Writing about your first week of life is heart breaking, because it was probably the hardest week of my life and here is why….
When you came out you were silent, you couldn’t cry and were grunting which apparently isn’t uncommon. The midwife tried to put you on me as that helps, you let out one cry but that wasn’t enough. The alarm was sounded & in came a doctor, she took you off to the special care unit. I wasn’t really sure what was happening, as it was all happening behind me as I was giving birth to your placenta, so wasn’t allowed to move. Then in comes another doctor, I remember trying to concentrate but I wasn’t really taking it in . It was like a film when everything is in slow motion. He said you had an infection, fluid on the lungs & you weren’t breathing properly. He was saying all this when my legs were up in stirrups being sewn up. I remember telling your Dad to go with you, but the doctors wouldn’t allow it. My baby was all alone & I hadn’t even got to hold you properly.
Eventually Dan was allowed to see you and I followed after my stitches had been done & showered the blood off. You were in an incubator with 100 tubes going in and out of you. The Doctors said they had done some X-rays that showed you had a shadow on your lungs, which they thought was because of the fluid. They were putting you on antibiotics for an infection but they didn’t know any more at this stage. You were on a CPAP machine to help you breath & clear your lungs. I wasn’t allowed to stay with you, I was shipped off to another ward with 7 screaming babies at about 2am. Your Dad slept on the floor. I didn’t really sleep and at 4am I was walking the corridors of the ward crying because I wanted to be with you. One of the nurses let me in the special care unit, I wasn’t allowed to touch you but I just sat next to you watching you. I thought labour might be tough but nothing prepared me for seeing my little baby like that.

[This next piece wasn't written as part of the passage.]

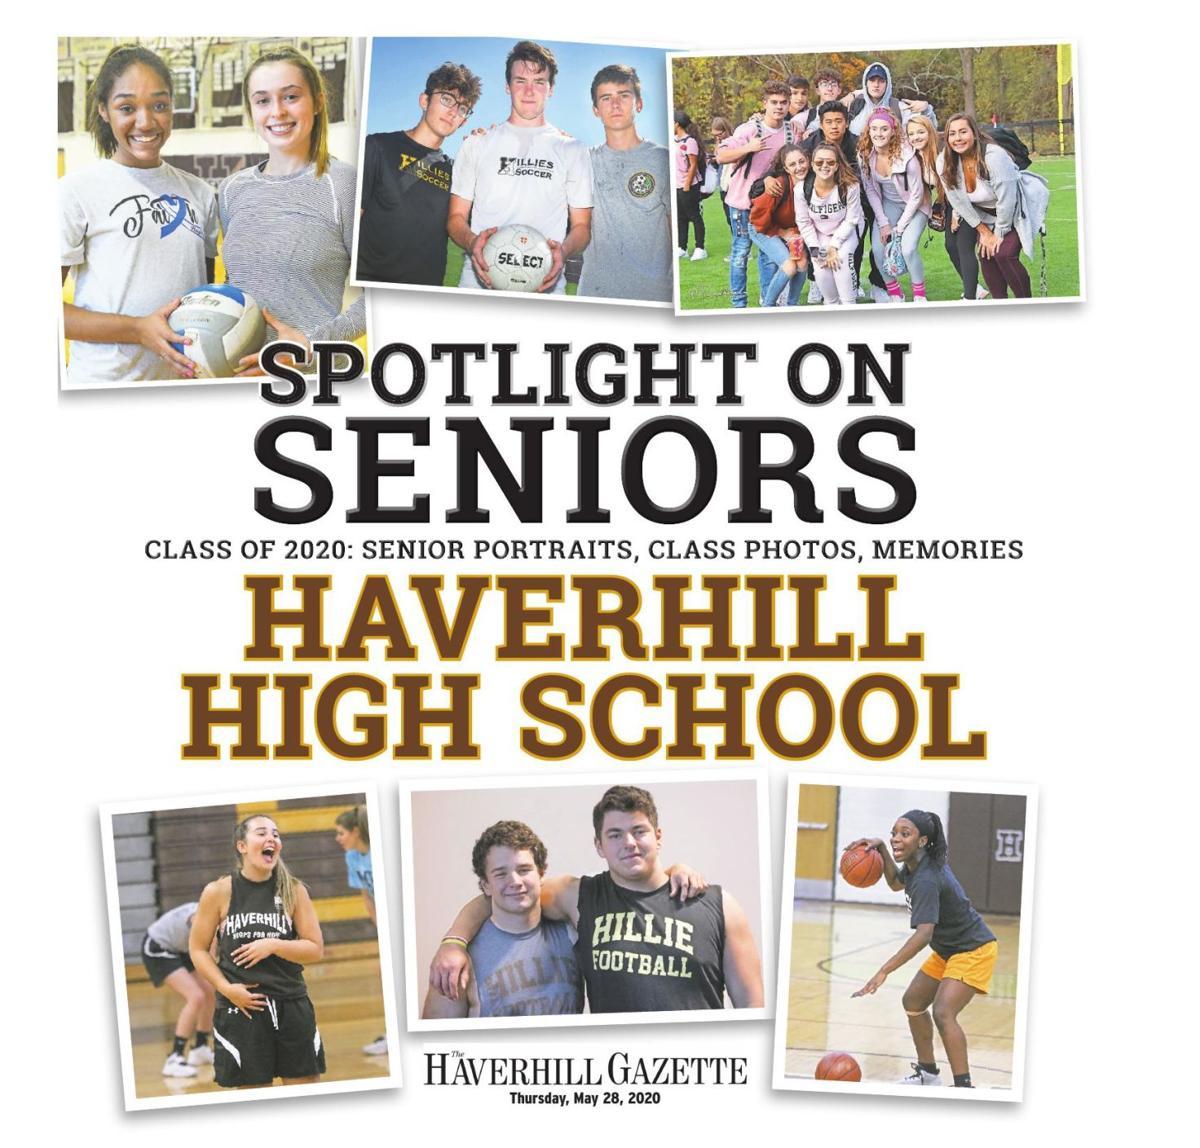 Spotlight on Seniors: Haverhill High

The next day – When we had a chat with the doctors they said they were going to try and take you off the CPAP machine and give you air instead, they did and for a few hours you seemed ok. We were so excited , but your little lungs couldn’t cope and you had to go back on it. Our emotions were like a yoyo. I still don’t think we really knew what was going on. Your dad asked one of the nurses ‘Is she going to die’, I remember looking at him thinking what the hell, you dying hadn’t crossed my mind. It had obviously been playing on his mind, but he didn’t want to worry me. Thankfully the nurse said no, that wasn’t going to happen. Plus you were my little fighter.
Day 2 – They still couldn’t find out what the infection was, then they said they wanted to test you for ‘meningitis’ ! My eyes started welling up, they would need to put a big needle in your spine and it’s very traumatic so best we weren’t around. I just wanted to get out of there as I started to uncontrollably cry. The doctor kept asking do we have any questions, we never did and waited until the doctor left and then asked the nurse 100 questions because they translated everything into simple terms for us. I was finally allowed to hold you, but I was so worried about pulling a tube out. Things were looking up, you were off the CPAP machine and onto air.

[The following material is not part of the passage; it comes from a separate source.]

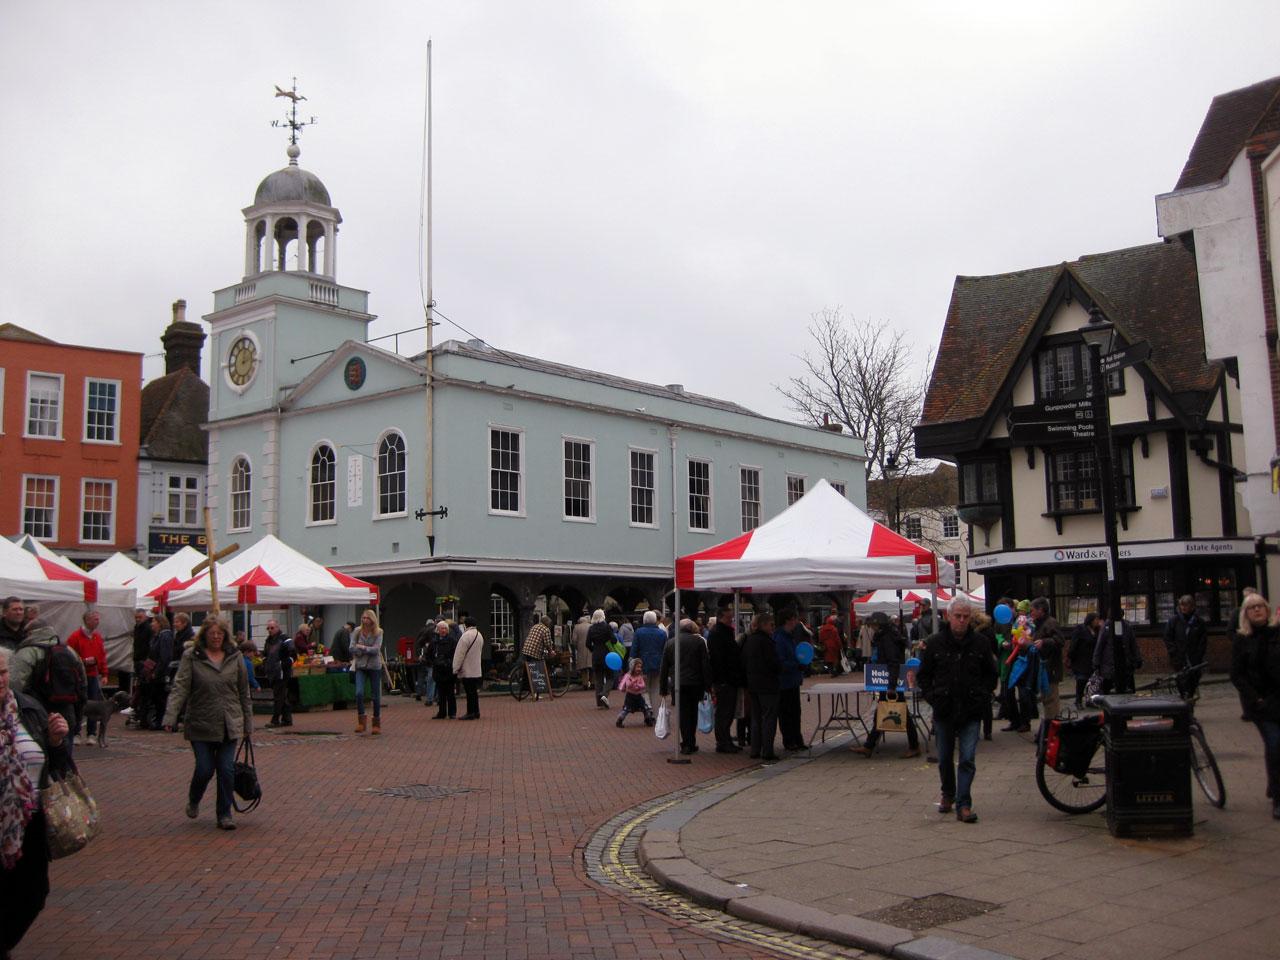 Faversham market, Kent

Day 3 – You were finally being taken off the air machine, and taken out of the incubator. Writing this I can’t believe this happened on the 3rd day because it seemed like this took forever. I was allowed to try and start breast feeding you, before this you had been on a glucose drip. Previously me and your dad had been manually pumping the colostrum for you. I include your dad because he was massaging my boob and syringing it up, we were so excited about getting 0.5ml :).
Day 4 – You were moved rooms, and we were told we would only have another day because you were making such good improvements. The meningitis tests they did had a bit of blood in, so weren’t 100% but pretty sure that all was ok. They still weren’t sure what the infection was but the antibiotics had cleared it all up (still a mystery to me).
Day 5 – At 7am the nurses from the special care unit wheeled you into me, it was a surprise as I didn’t know you were being released so early. I was so appreciative and thankful to the nurses, again the tears started flowing. We were finally going to start our life with you, and get you home.
So your first 5 days we had a lot of help from the fantastic nurses at Worthing hospital, however I would have given anything to do it all my self. Sleeping on a ward with about 7 other babies whilst your baby is on another ward is heart wrenching, all I could think about was you.
The next few days were prepping for and having Christmas. We didn’t get much sleep, and we were totally knackered but we didn’t care our baby was finally home!